Amos is a big boy Cathy! How is he when in rut?


----------



## Naunnie (Jul 4, 2014)

Aw! Thanks for sharing these pictures Cathy. You have a beautiful family! Some of these pictures would make great cards or in frames on display....in my house!


----------



## happybleats (Sep 12, 2010)

> How is he in rut


Amos is pretty easy to handle year round..a little more excitable during rut lol..still wants his kisses..which he get via air mail lol


----------



## NyGoatMom (Jan 26, 2013)

lol....I don't blame you there!


----------



## PygmyMom (Mar 3, 2014)

Wow you have a large goatie family!They are beautiful! How do you remember all of their names? Lol! So cute!


----------



## bbpygmy (Apr 14, 2014)

PygmyMom said:


> Wow you have a large goatie family!They are beautiful! How do you remember all of their names? Lol! So cute!

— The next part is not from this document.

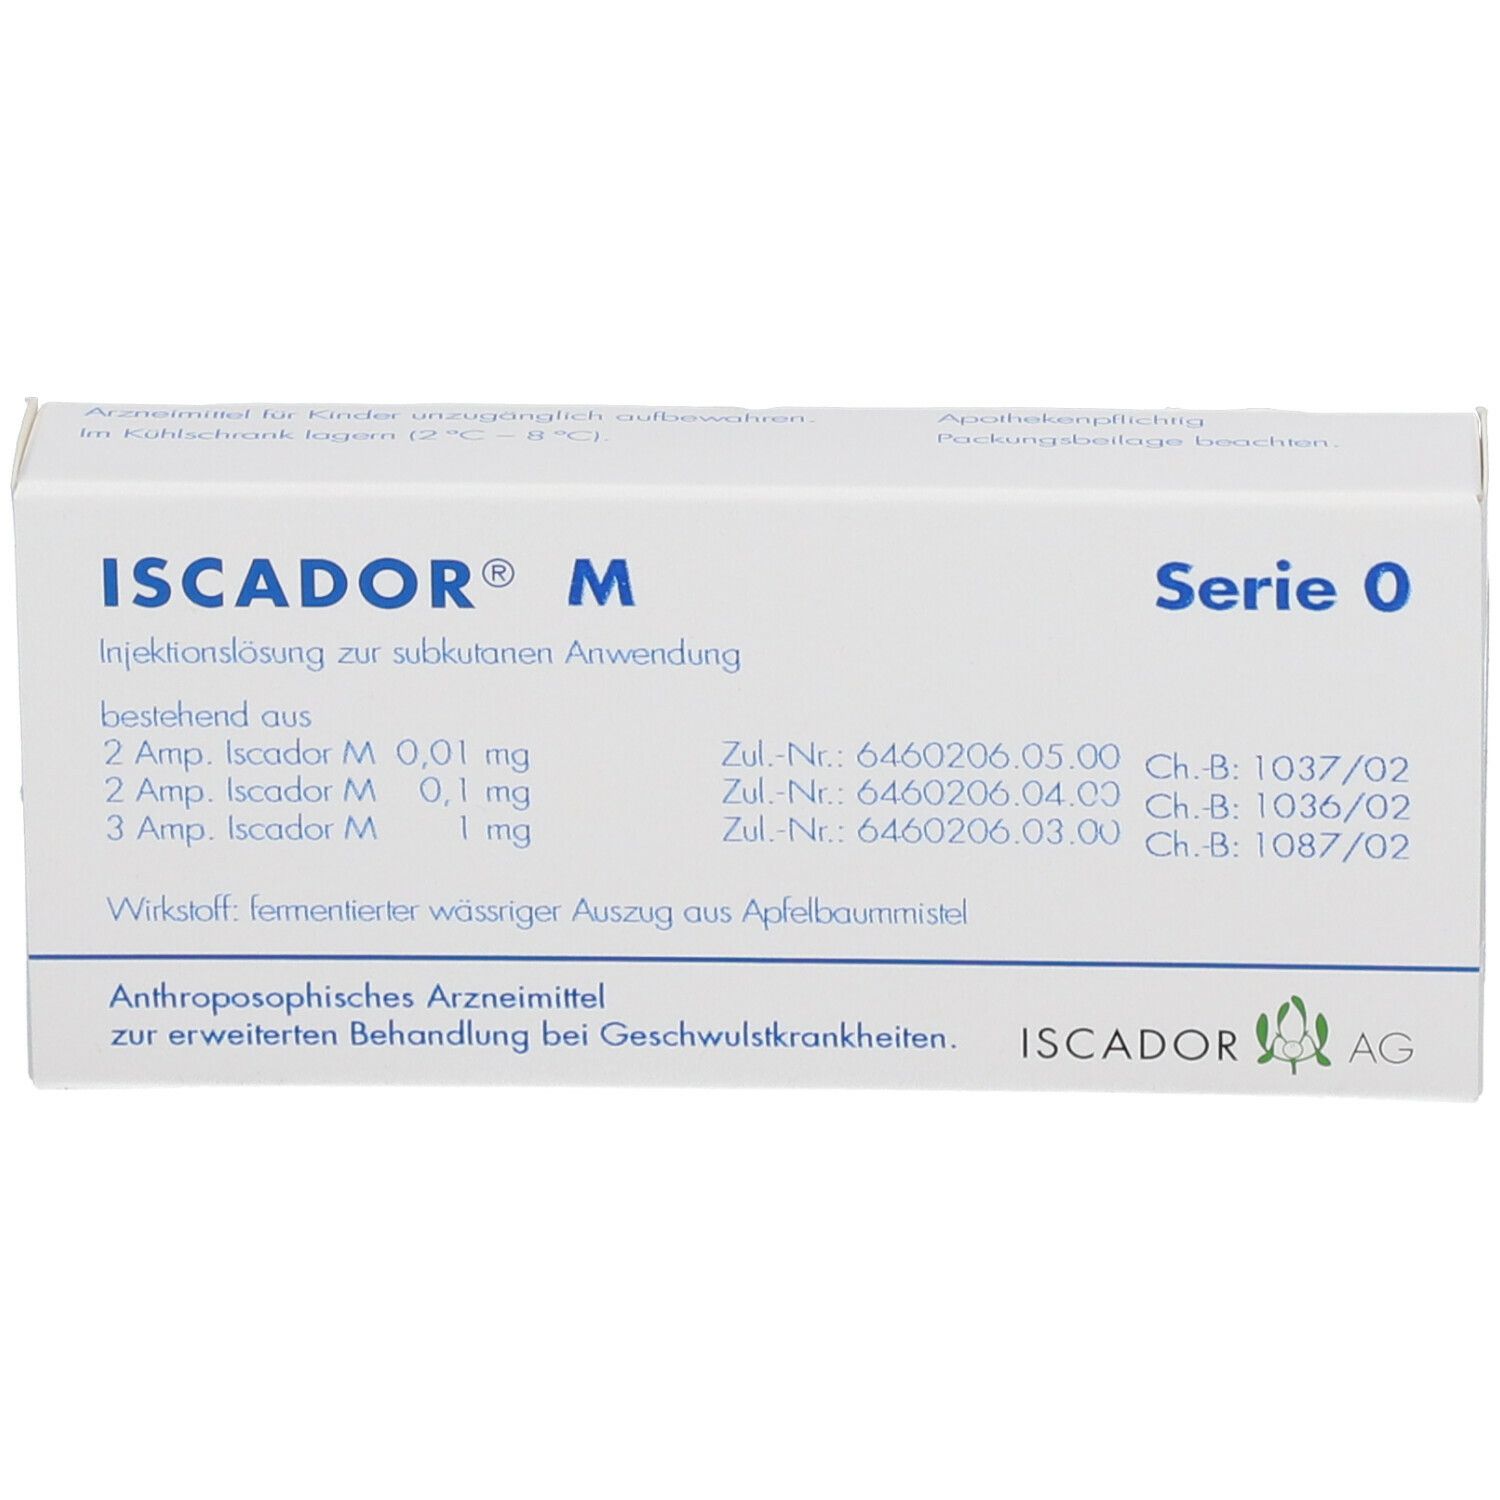 ISCADOR® M Serie 0

Try remembering the names of 45 lol I have every single one of my goats names memorized as well as their sires and dams for many of them from filling out show bills so often.


----------



## happybleats (Sep 12, 2010)

Yep I know the names of most all the kids my goats ever had...even from 9 years ago but freeze when asked the birth year of one my own kids lol.. lol..my kids think its weird lol..


----------



## NyGoatMom (Jan 26, 2013)

:lol: Guilty! Haha


----------